Tutto questo non fa che aumentare la vergogna interiorizzata nelle vittime e il loro senso di colpa, tanto da portare molte donne a non denunciare nemmeno la violenza subita per paura di non essere capite o per il disgusto che arrivano a provare per loro stesse.
Come rompere il ciclo di auto colpevolizzazione?
Per superare questo senso di colpa ed elaborare l’evento traumatico nel modo corretto un percorso di terapia risulta essenziale, soprattutto per raggiungere quello che possiamo definire “auto-perdono”, sebbene a mente lucida, guardando l’evento dall’esterno, non ci sembra che la vittima debba alcun modo perdonare sé stessa per quanto è stata costretta a subire.

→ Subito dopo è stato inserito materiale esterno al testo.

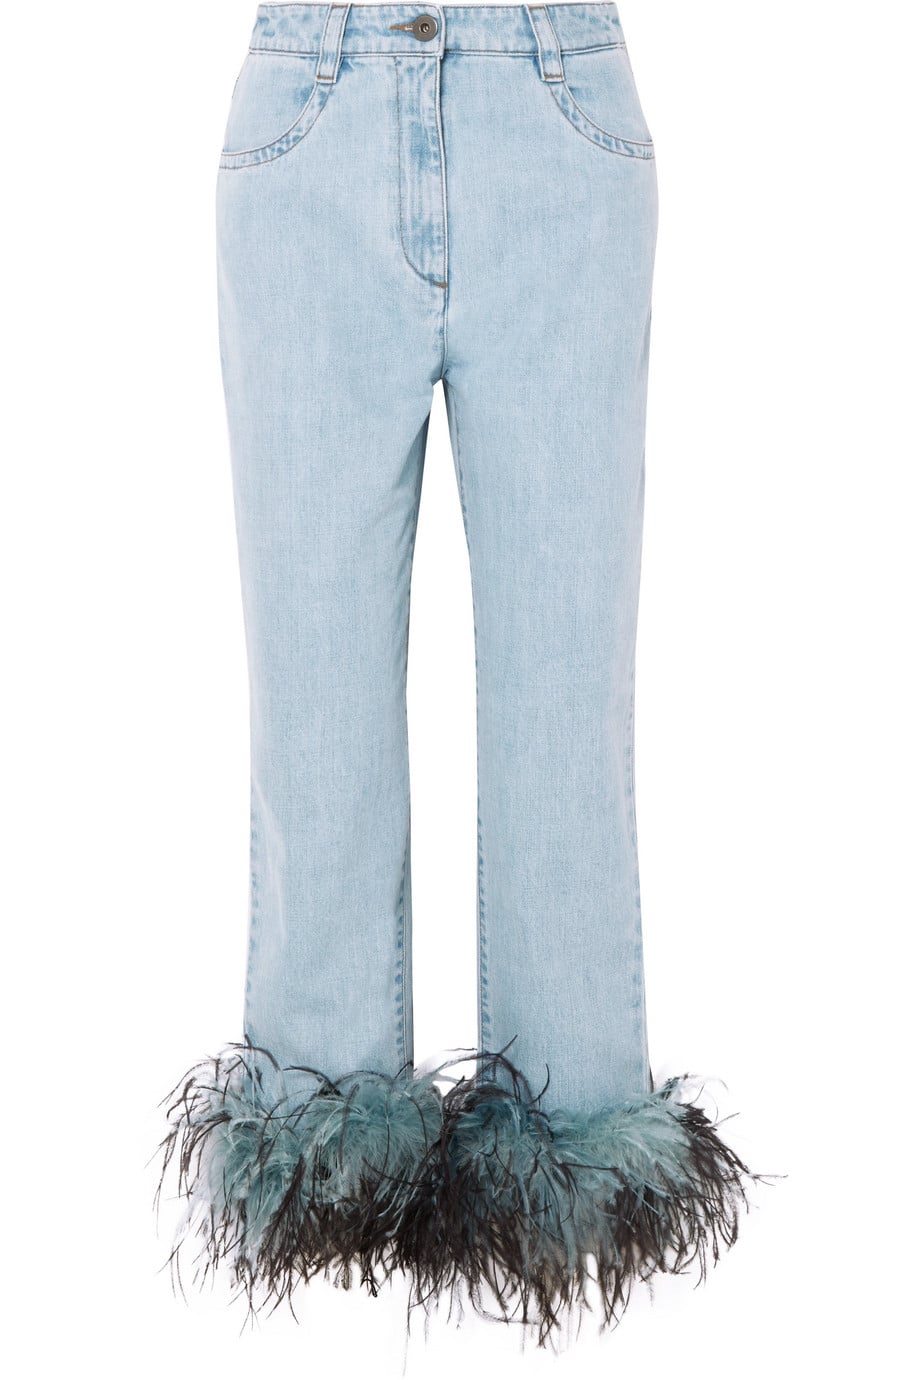 Prada Feather-Trimmed Boyfriend Jeans | 6 Spring Denim Trends to Know the  Next Time You're Shopping For Jeans | POPSUGAR Fashion Photo 7
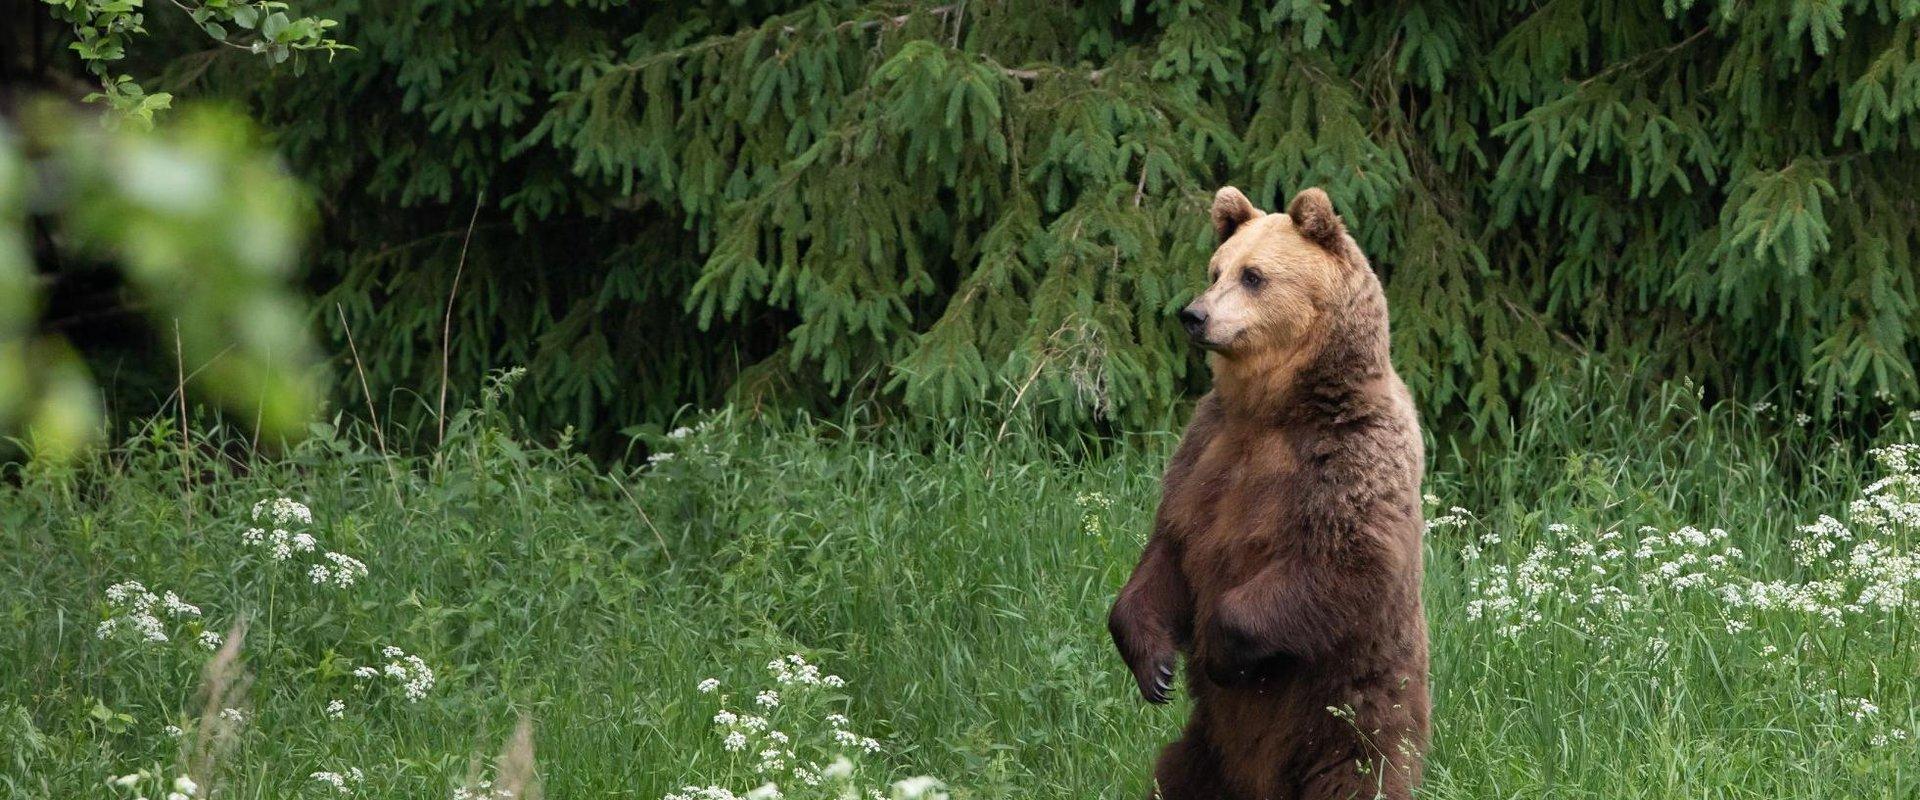 Have you ever seen a bear with your own eyes? Now is your chance! It is most likely to see bears in a small group and the huts are designed for 2–3 pe

Tuttavia, è necessario che si perdoni per tutto ciò che abbiamo visto sopra: l’autocritica e l’odio auto-ricondotti per non essere stati in grado di evitare l’evento possono essere deleteri e ostacolare il processo di guarigione e di superamento del trauma.
Perdonarsi vuol dire empatizzare con sé stessi e smettere di punirsi per il fallimento percepito, sostituendo questa punizione con la compassione.
Accettare di essere una vittima a tutti gli effetti può essere doloroso, molto più doloroso dell’auto colpevolizzarsi, ma è necessario per lasciare andare il passato.
Se hai vissuto un evento traumatico per cui continui a colpevolizzarti o che non riesci a lasciarti alle spalle, non avere paura di chiedere aiuto ad un esperto che ti aiuti a rileggere quanto accaduto in modo nuovo, prendendo le distanze dall’evento per osservarlo per ciò che davvero è stato.